**Work required:** As the answer, give exactly the lines of the records below from the one with "Free Printable Happy" through the one with "Indian General Service", ends included and pictures left out.

**Data records:**
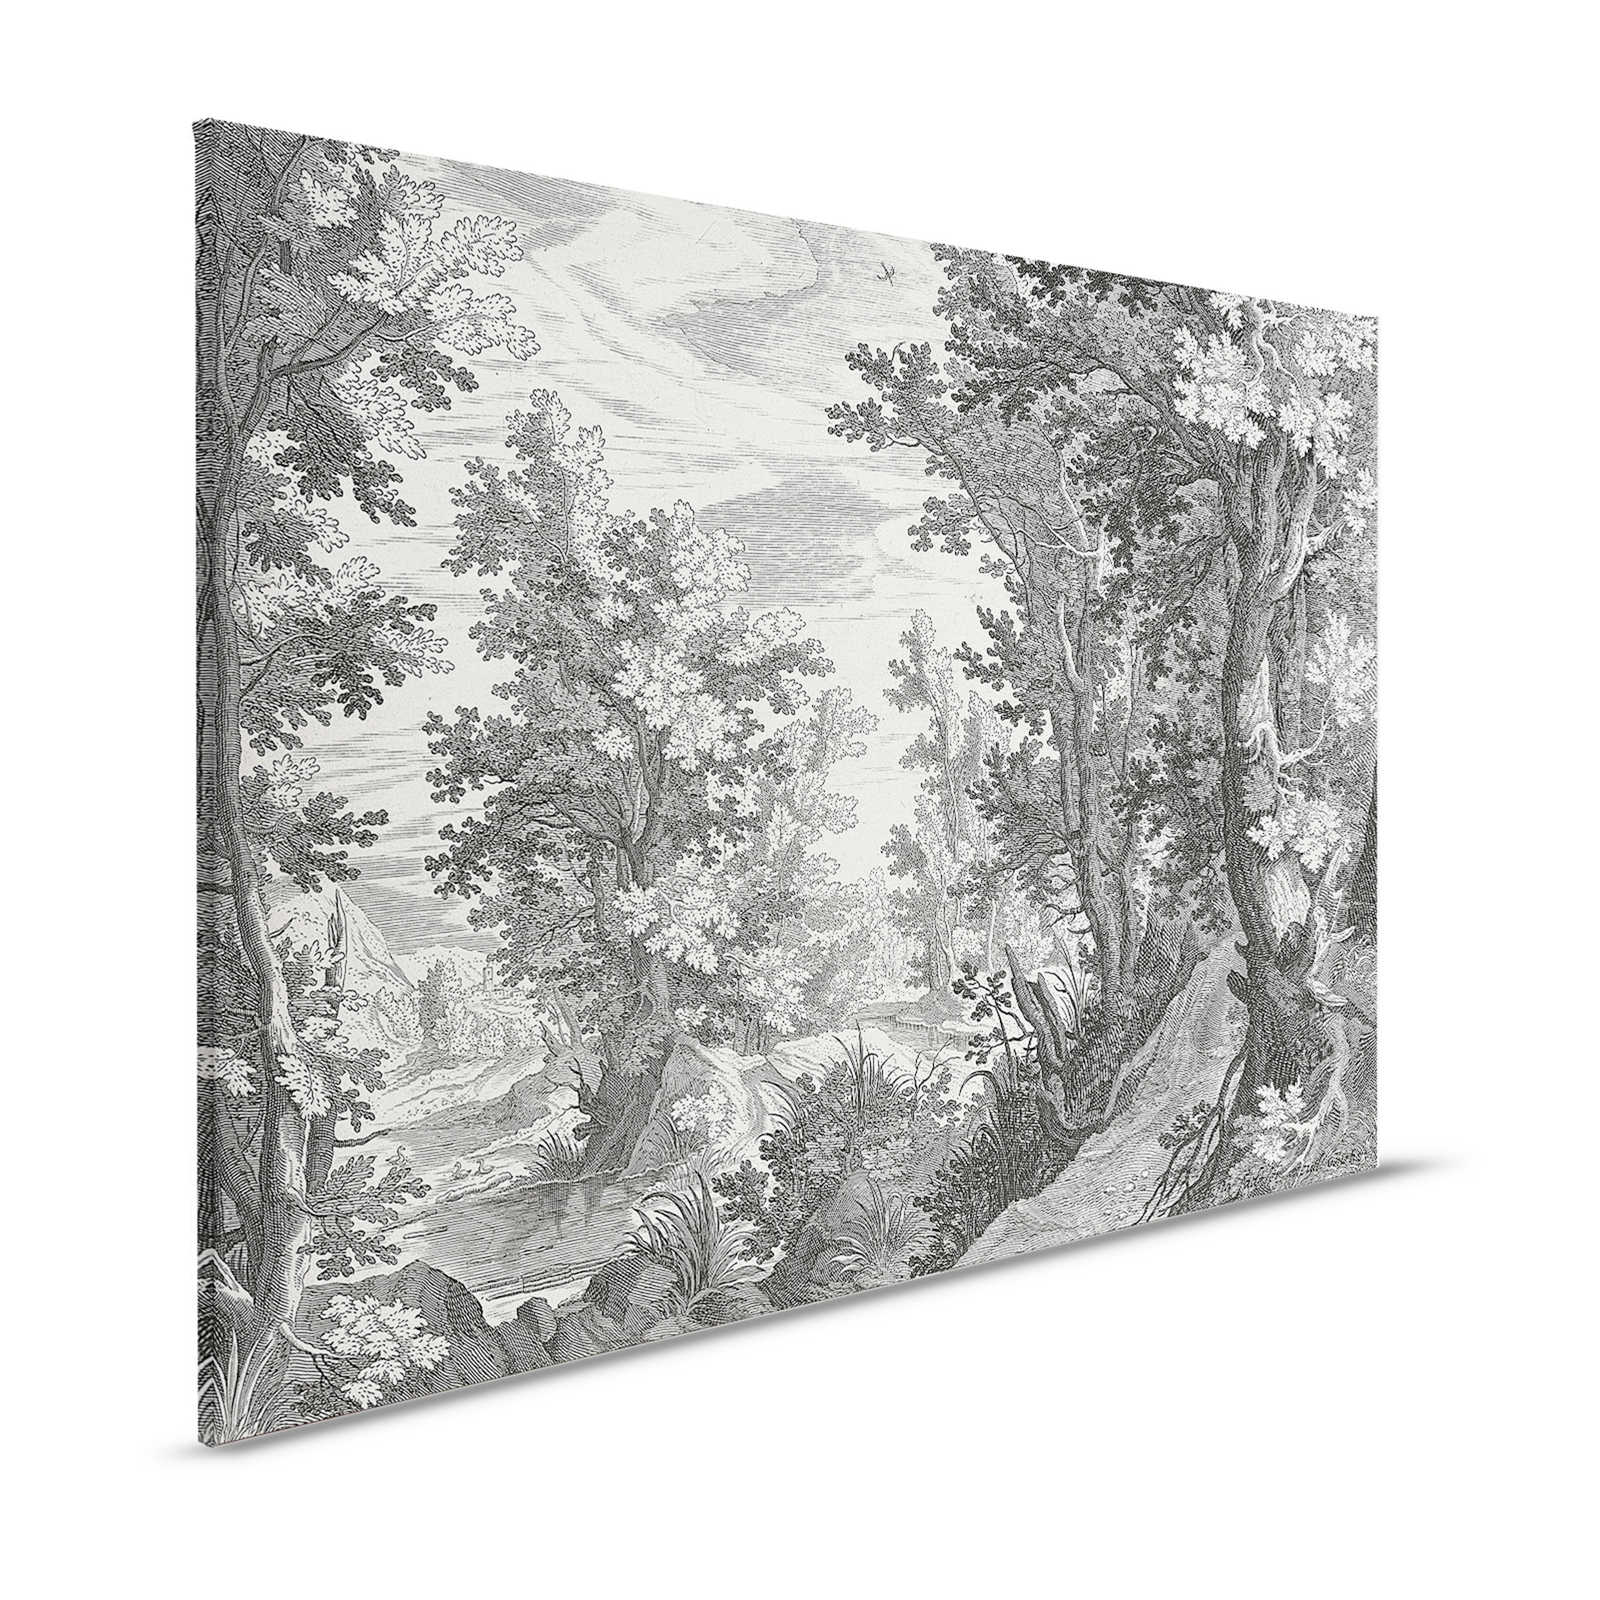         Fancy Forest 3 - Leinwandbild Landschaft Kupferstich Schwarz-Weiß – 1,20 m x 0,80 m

==

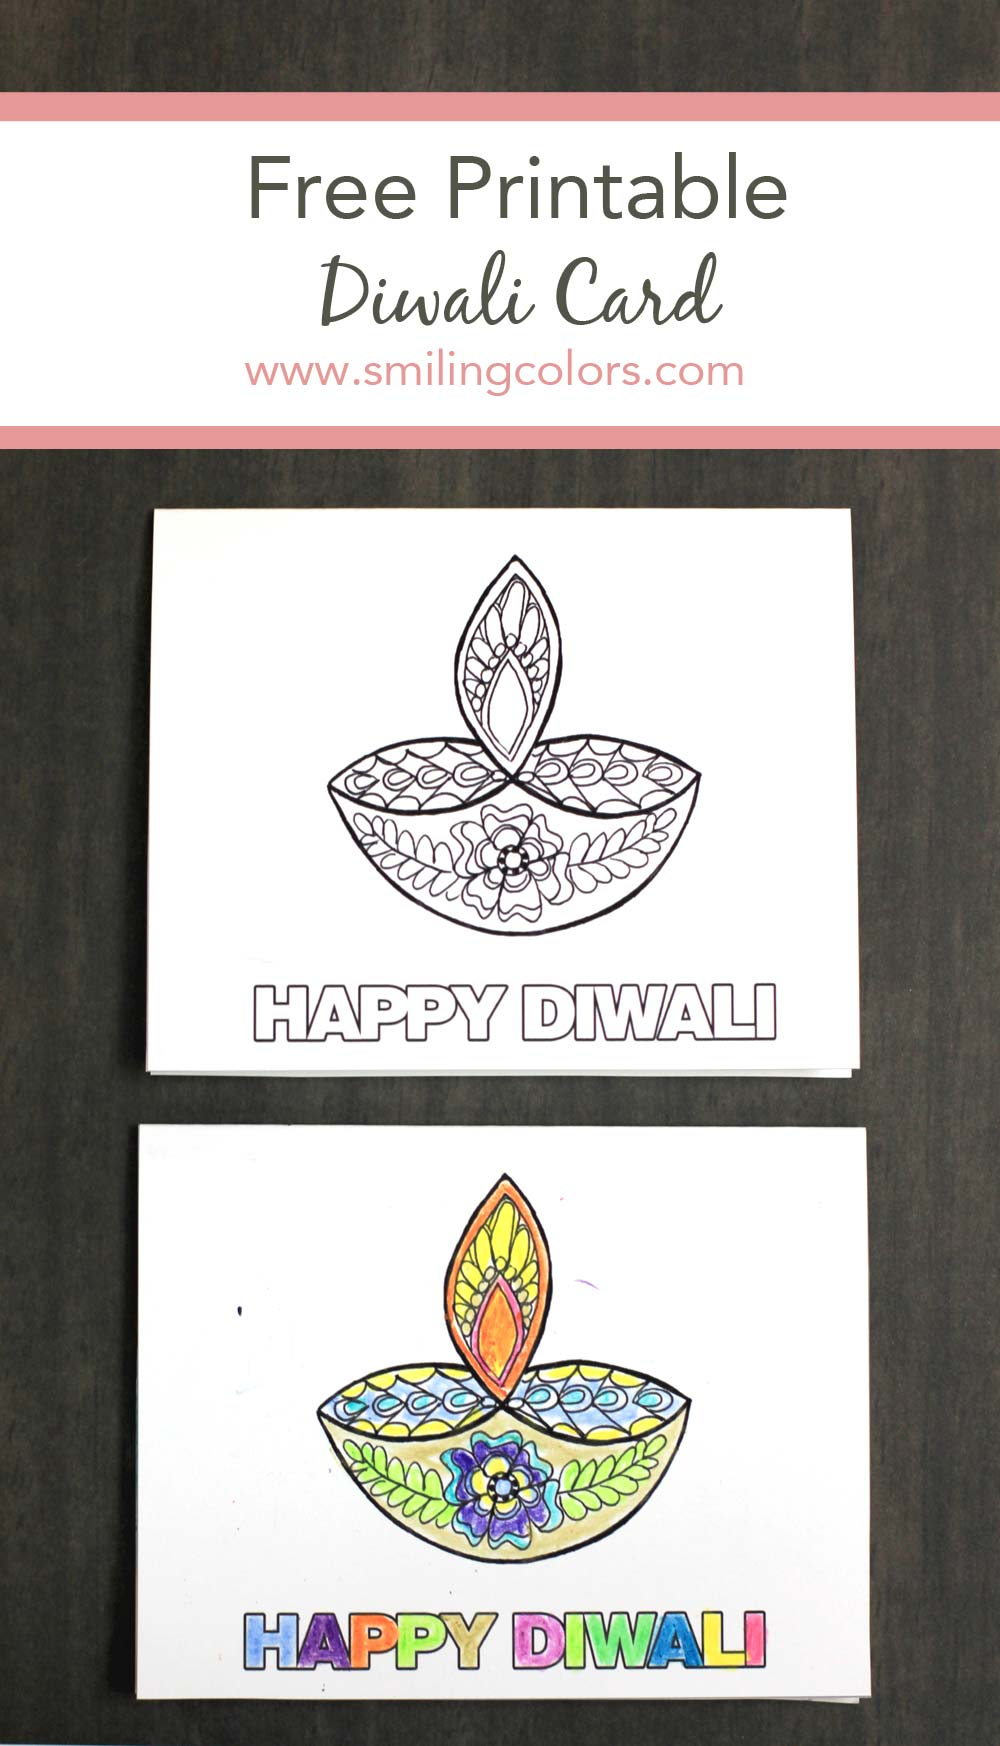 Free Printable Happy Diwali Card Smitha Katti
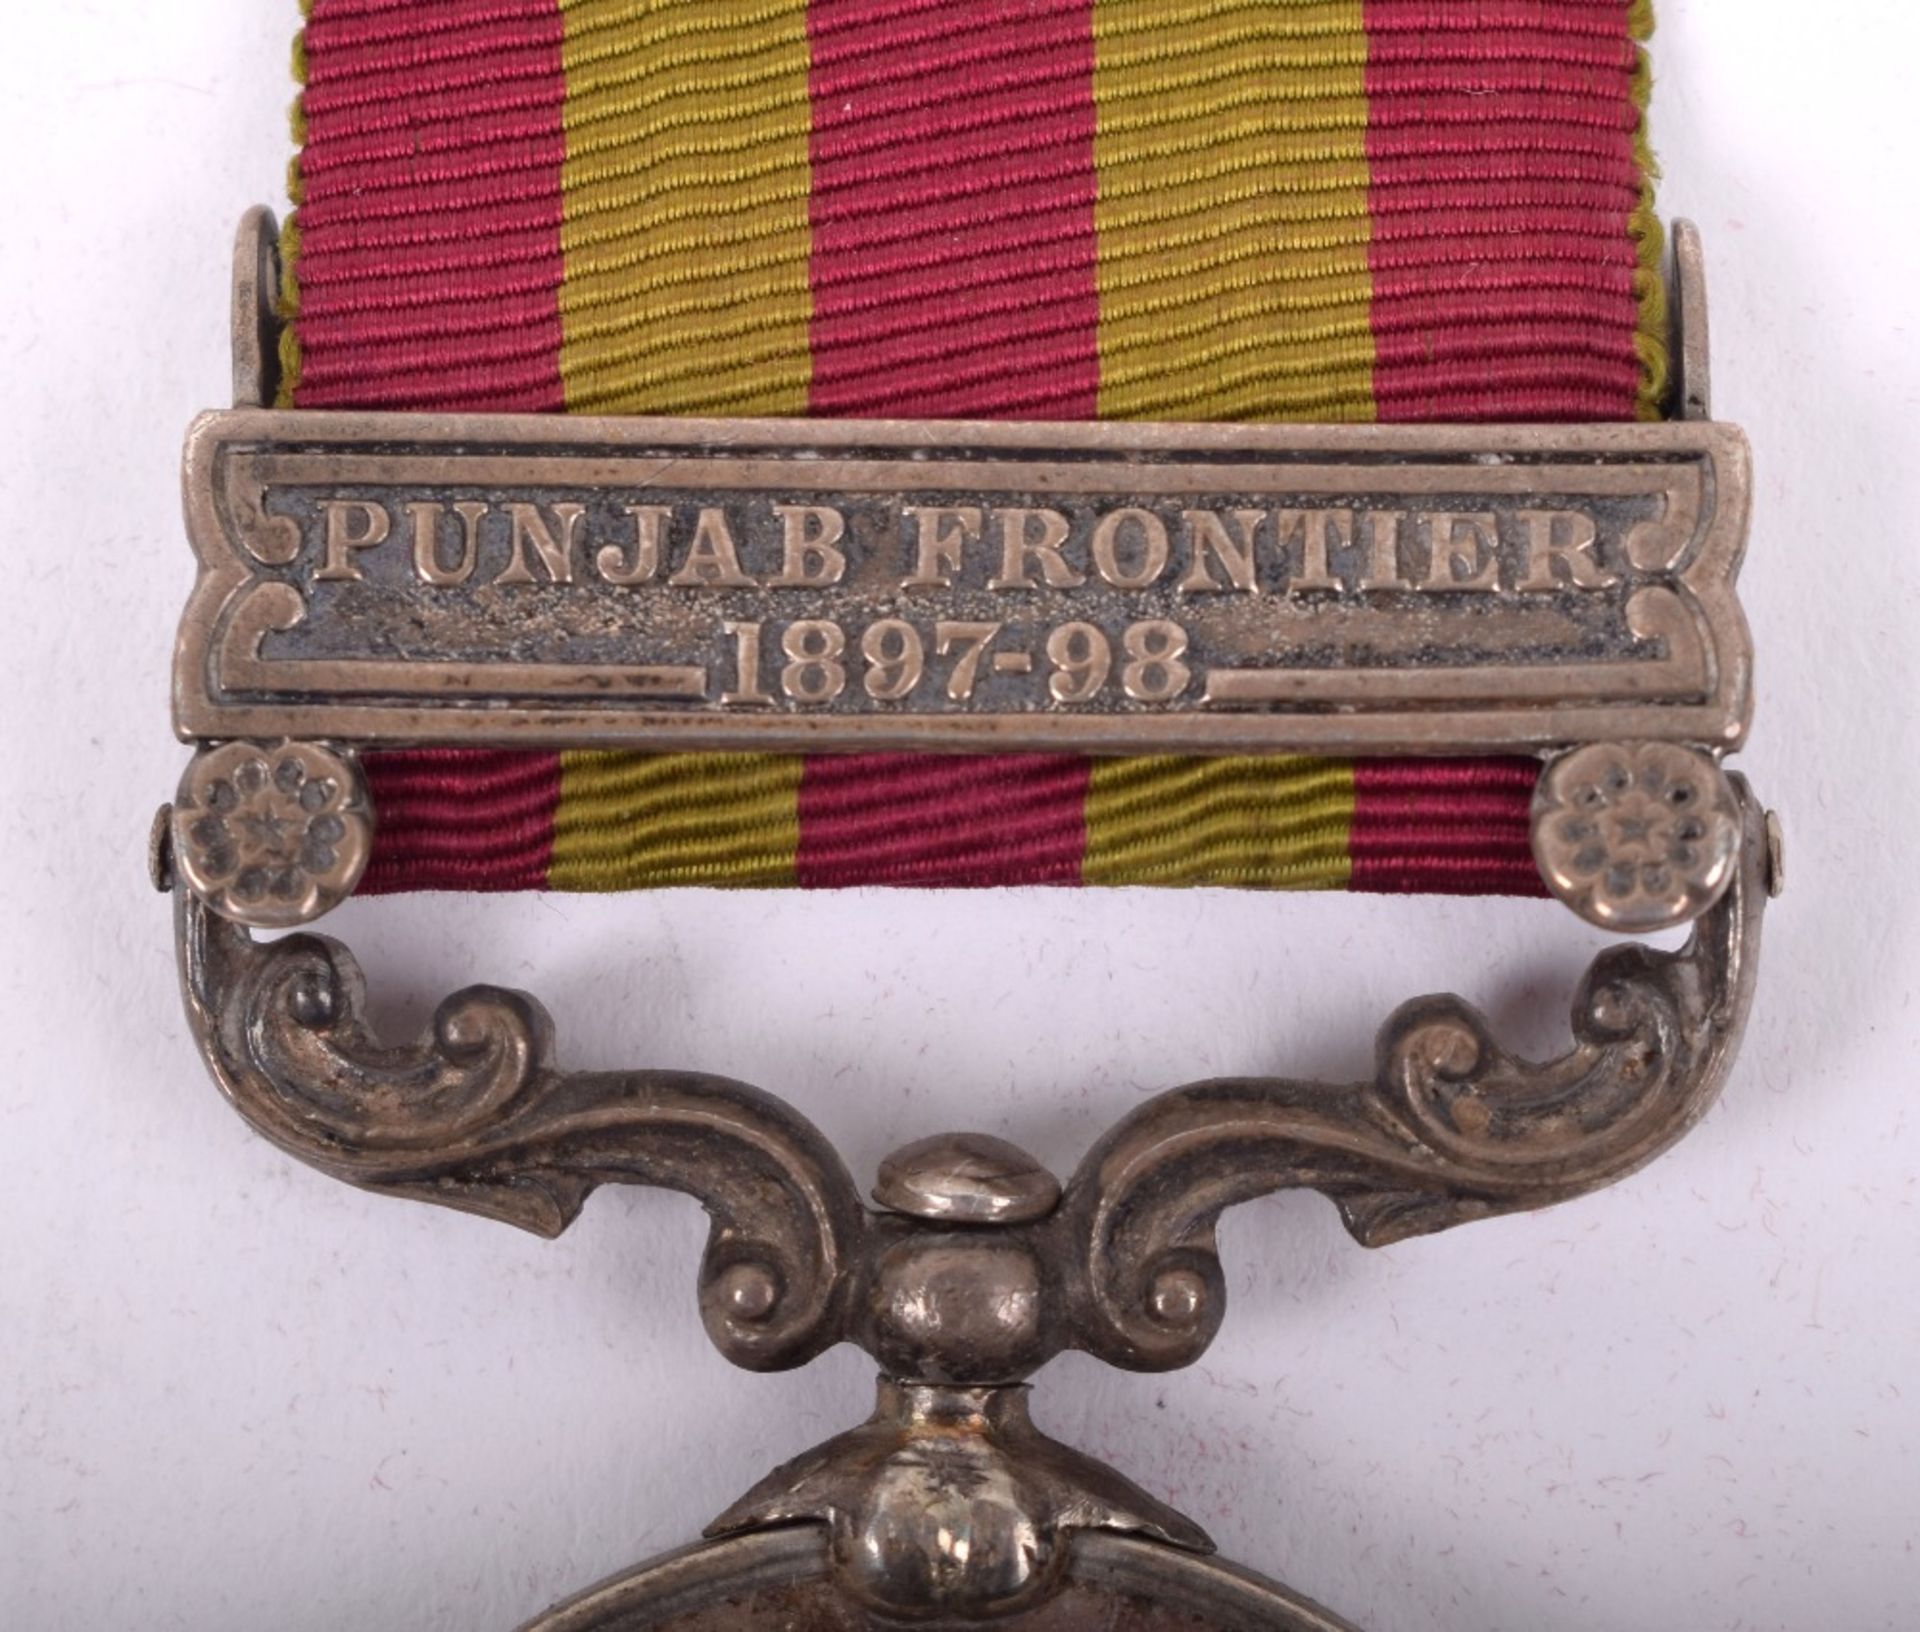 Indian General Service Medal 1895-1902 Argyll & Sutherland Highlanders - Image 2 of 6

**Solution to this problem:**
 Free Printable Happy Diwali Card Smitha Katti
 Indian General Service Medal 1895-1902 Argyll & Sutherland Highlanders - Image 2 of 6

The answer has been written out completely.